PROBLEM TO WORK ON » Copy the listing below letter for letter, passing over each picture.

SUPPLIED DATA »
+++++

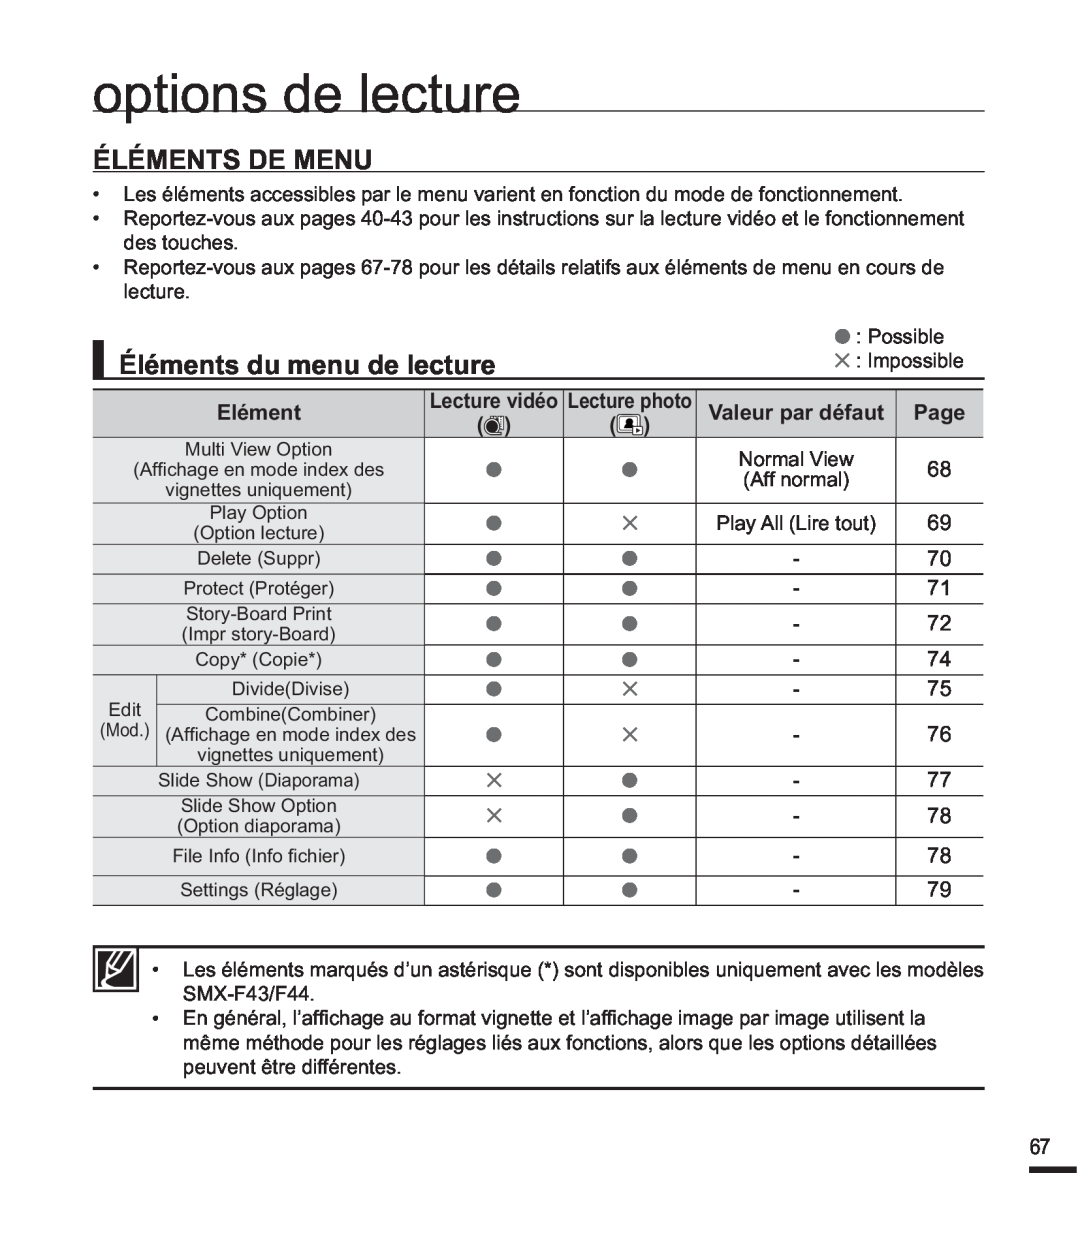 Samsung SMX-F44SP/EDC manual options de lecture, Éléments De Menu, Éléments du menu de lecture, Elément, Page, GhvWrxfkhv 
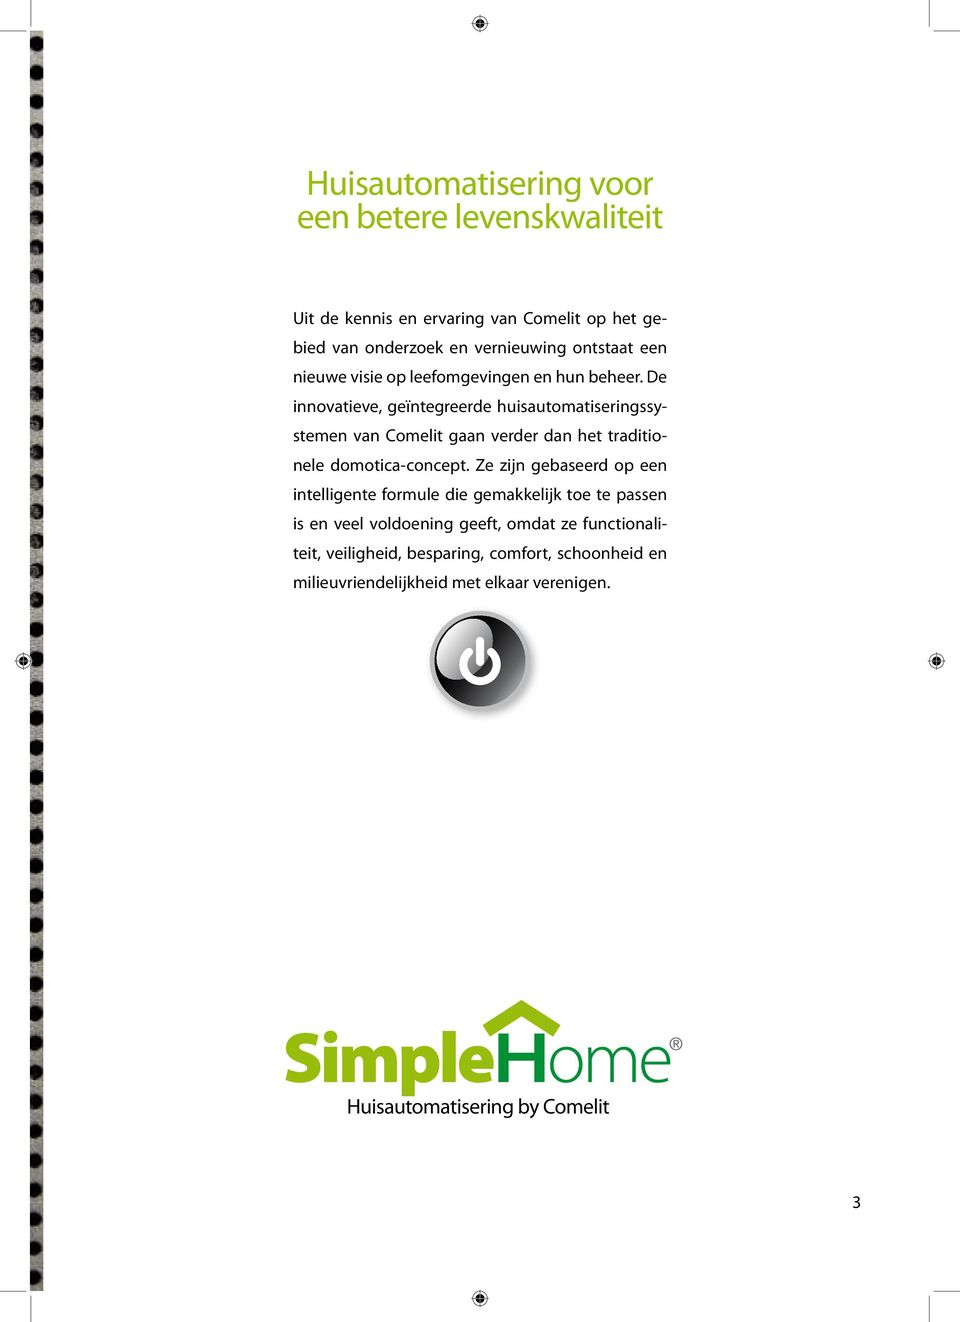 De innovatieve, geïntegreerde huisautomatiseringssystemen van Comelit gaan verder dan het traditionele domotica-concept.
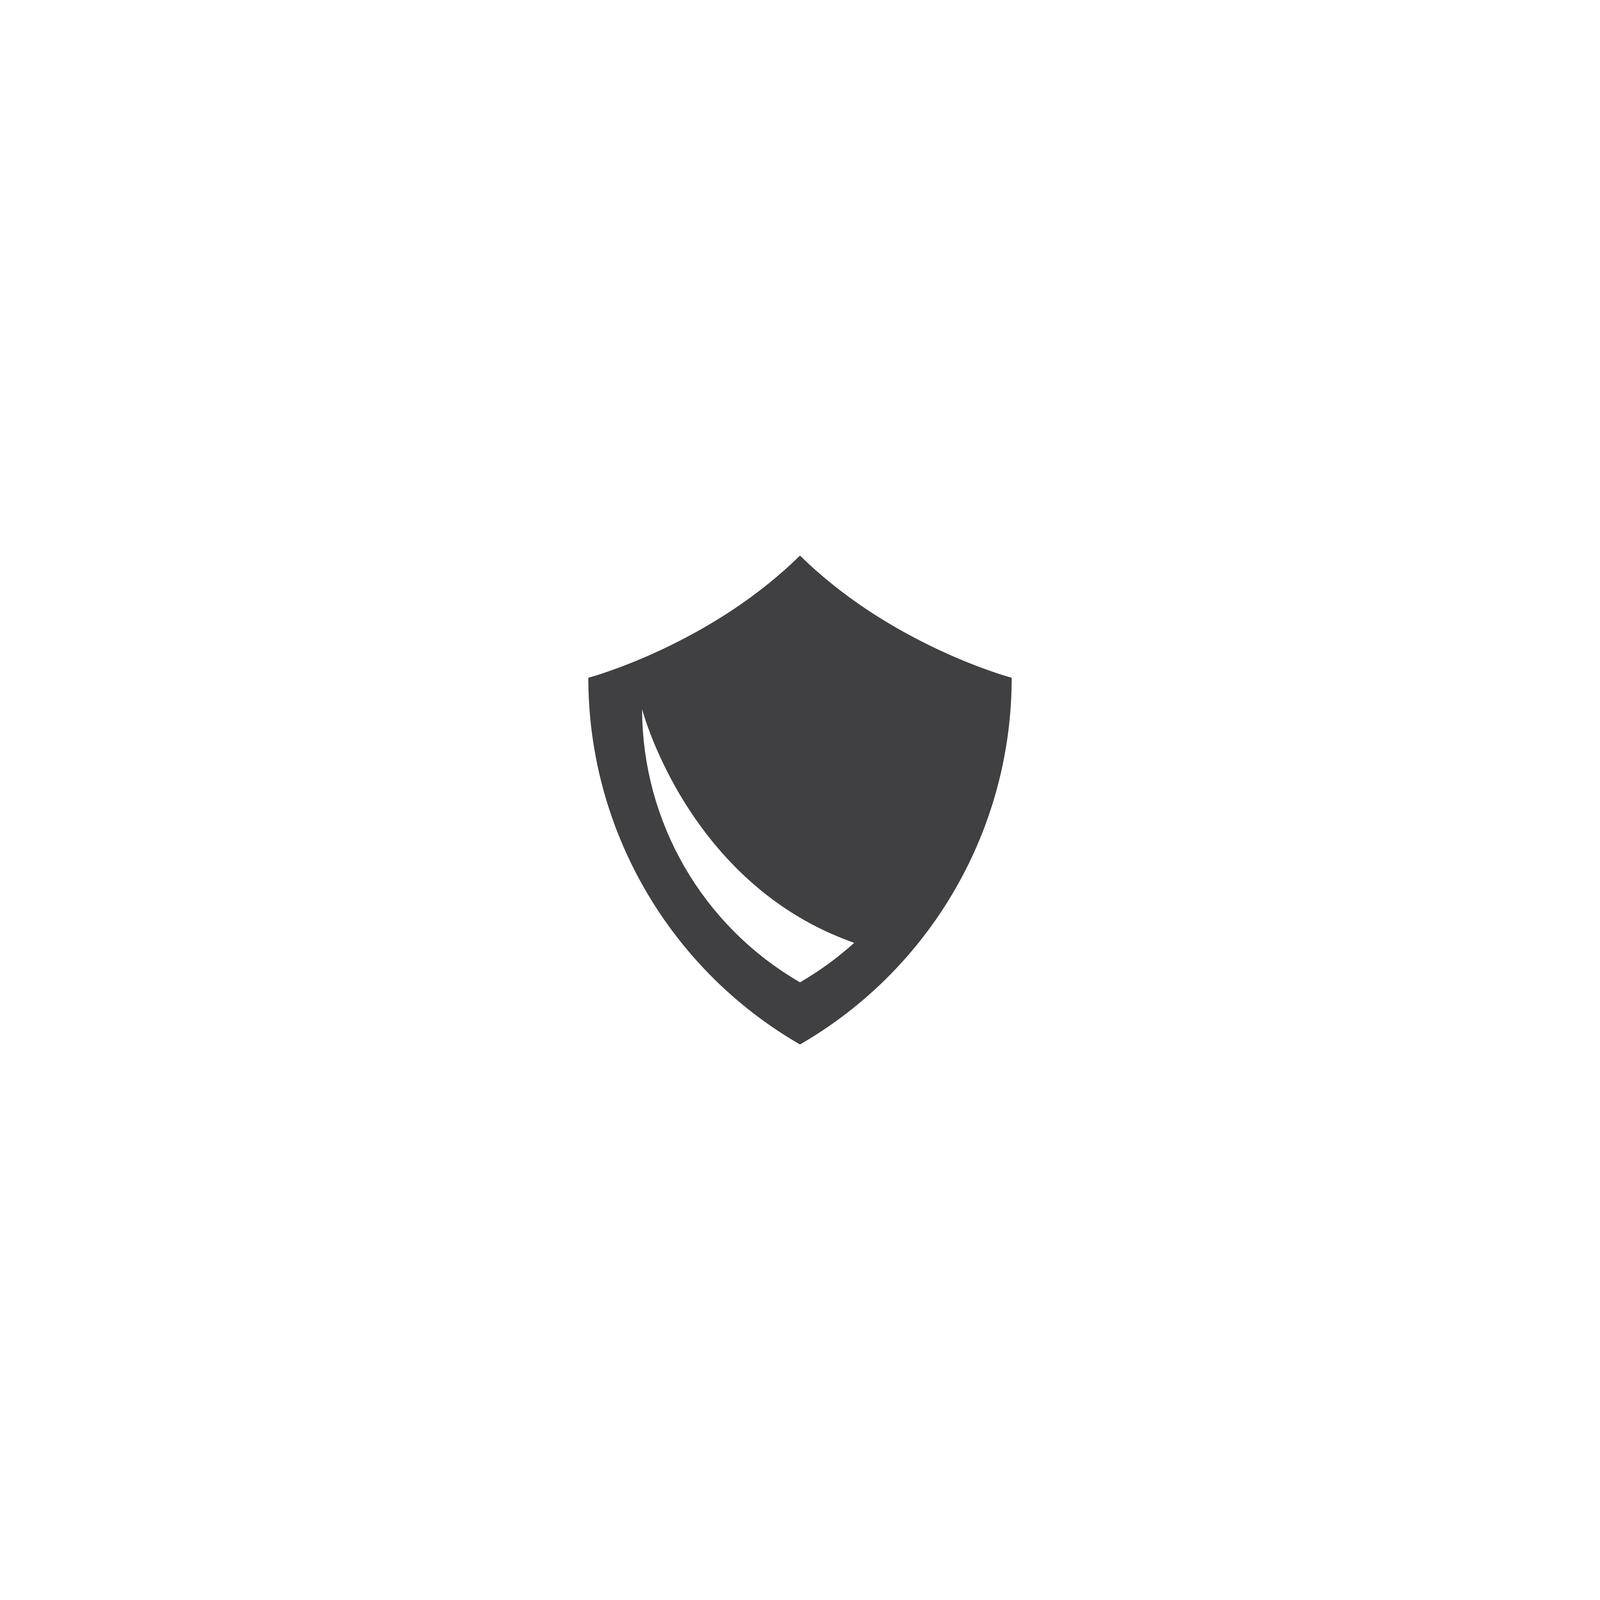 Shield logo template vector illustration

+++++

EXERCISE SOLUTION »
 Samsung SMX-F44SP/EDC manual options de lecture, Éléments De Menu, Éléments du menu de lecture, Elément, Page, GhvWrxfkhv 
 De innovatieve, geïntegreerde huisautomatiseringssystemen van Comelit gaan verder dan het traditionele domotica-concept.
 Shield logo template vector illustration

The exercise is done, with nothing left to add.